Enough! I really should join the gym.

Grocery shopping first; let’s finally do this.

Whole wheat bread, yes, and turkey breast lunch meat for sandwiches, good. Ground turkey, for turkey chili. A box of those 100-calorie-pack potato chips. (Not so good, but at least it’s cutting back, right?) Handfuls of fat-free yogurts, high-fiber cereal, fat-free milk. Veggies—lots of veggies. Oh, and fruit. Yes, fruit.

Dinner: Turkey chili. So good, so on track. But no, it needs shredded cheese on top. Can’t have chili without shredded cheese, right? I telephone my dinner guests, ask them to bring shredded cheese. We eat, see a show, come home. I have a glass of wine. Then another. Then, apparently, another ...

•••••

Saturday morning: Ow. My head. The empty bottle indicates how much I drank last night—and wait!—is that an empty box of my new 100-calorie-pack potato chips sitting on the counter?! Did I actually eat 16 individual packets of chips in one night while drunk?

That’s it, I’m going for a walk, 3 miles to the Strip. I’ll walk back if I can.

Instead, I end up at the corner convenience store. Large Coke, please.

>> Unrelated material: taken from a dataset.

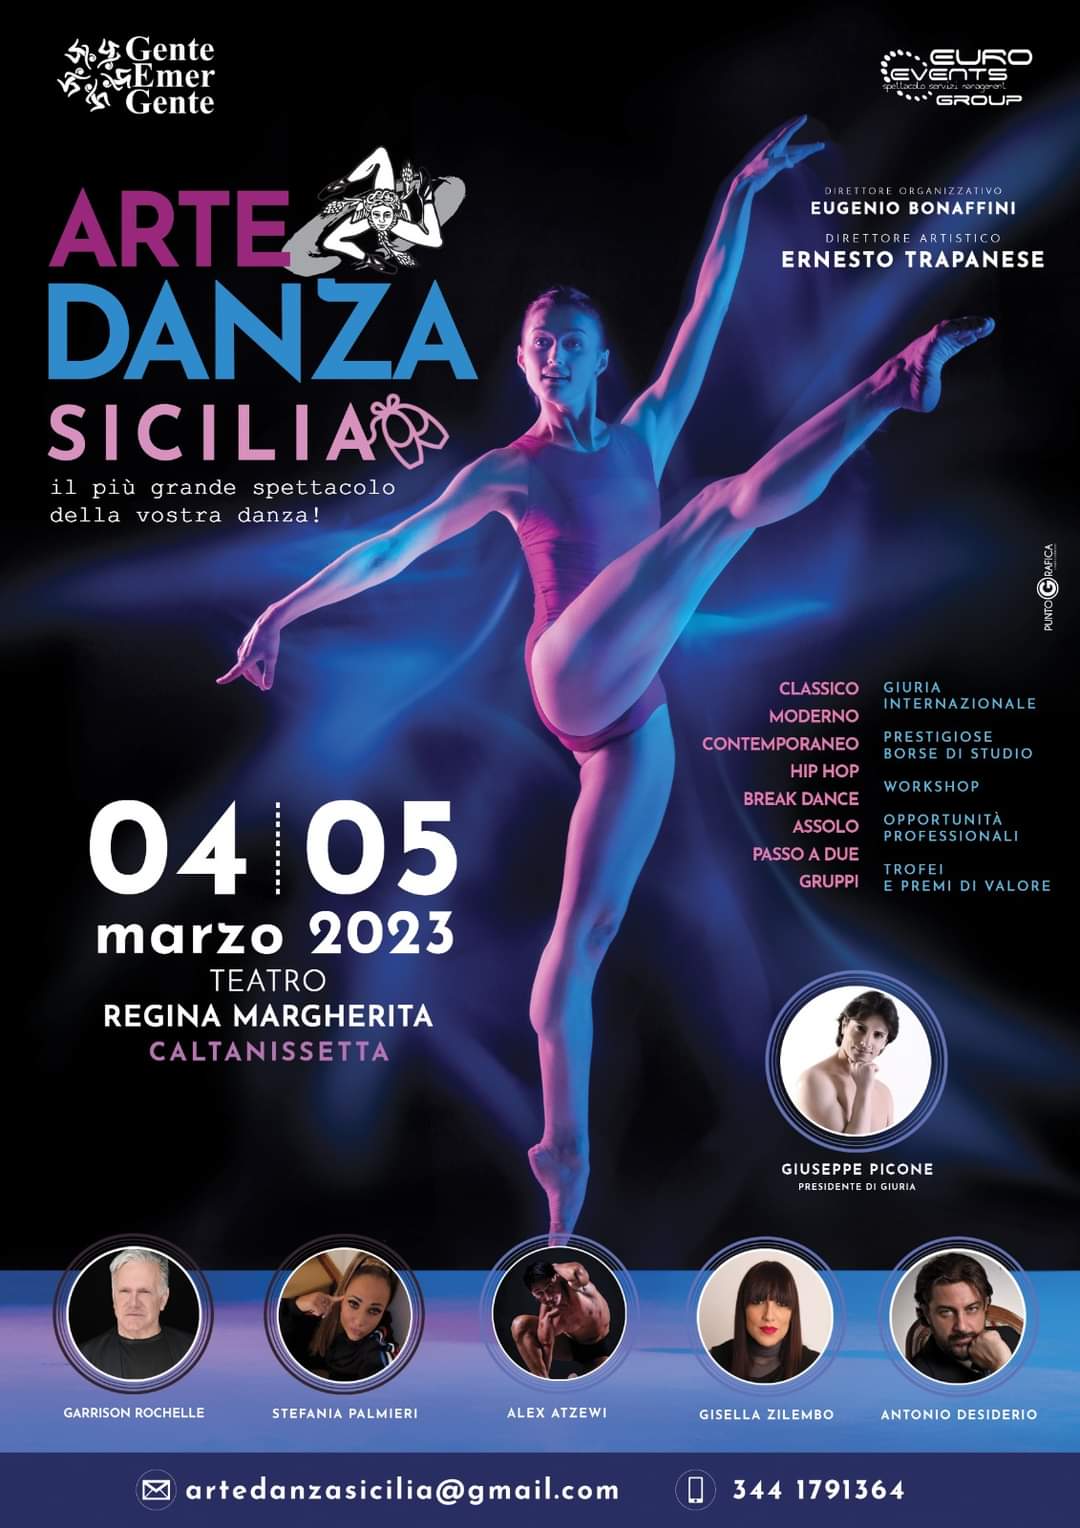 ARTE DANZA SICILIA, Teatro Regina Margherita, Caltanissetta

A jogger passes me on Flamingo, and I’m growing more irate. What is my problem? You know what? Screw this. It’s Vegas, baby. Live it up, have fun! We don’t need no stinkin’ diets.

•••••

Sunday: It was a great, controlled day. Yogurt with cereal and a banana for breakfast, turkey sandwich for lunch, and leftover turkey chili for dinner. (No cheese!) Water, water everywhere.

It’s late Sunday, and I’m just now back from seeing Stomp Out Loud. Can’t stop marveling at the performers’ athleticism, their stamina, those rock-hard bodies.

I begin to daydream, wishing I had a body like that, wishing that I could move said beautiful body in ways I could have never imagined, wishing my fat ass didn’t feel like it was crammed into that little seat in the audience. I catch myself tapping on a banana, rhythmically and artistically, of course.

Yes, tomorrow, I’ll join the gym. Tomorrow.

Maybe it’s not Vegas. Maybe it’s me.

Nick Divito is a Weekly staff writer.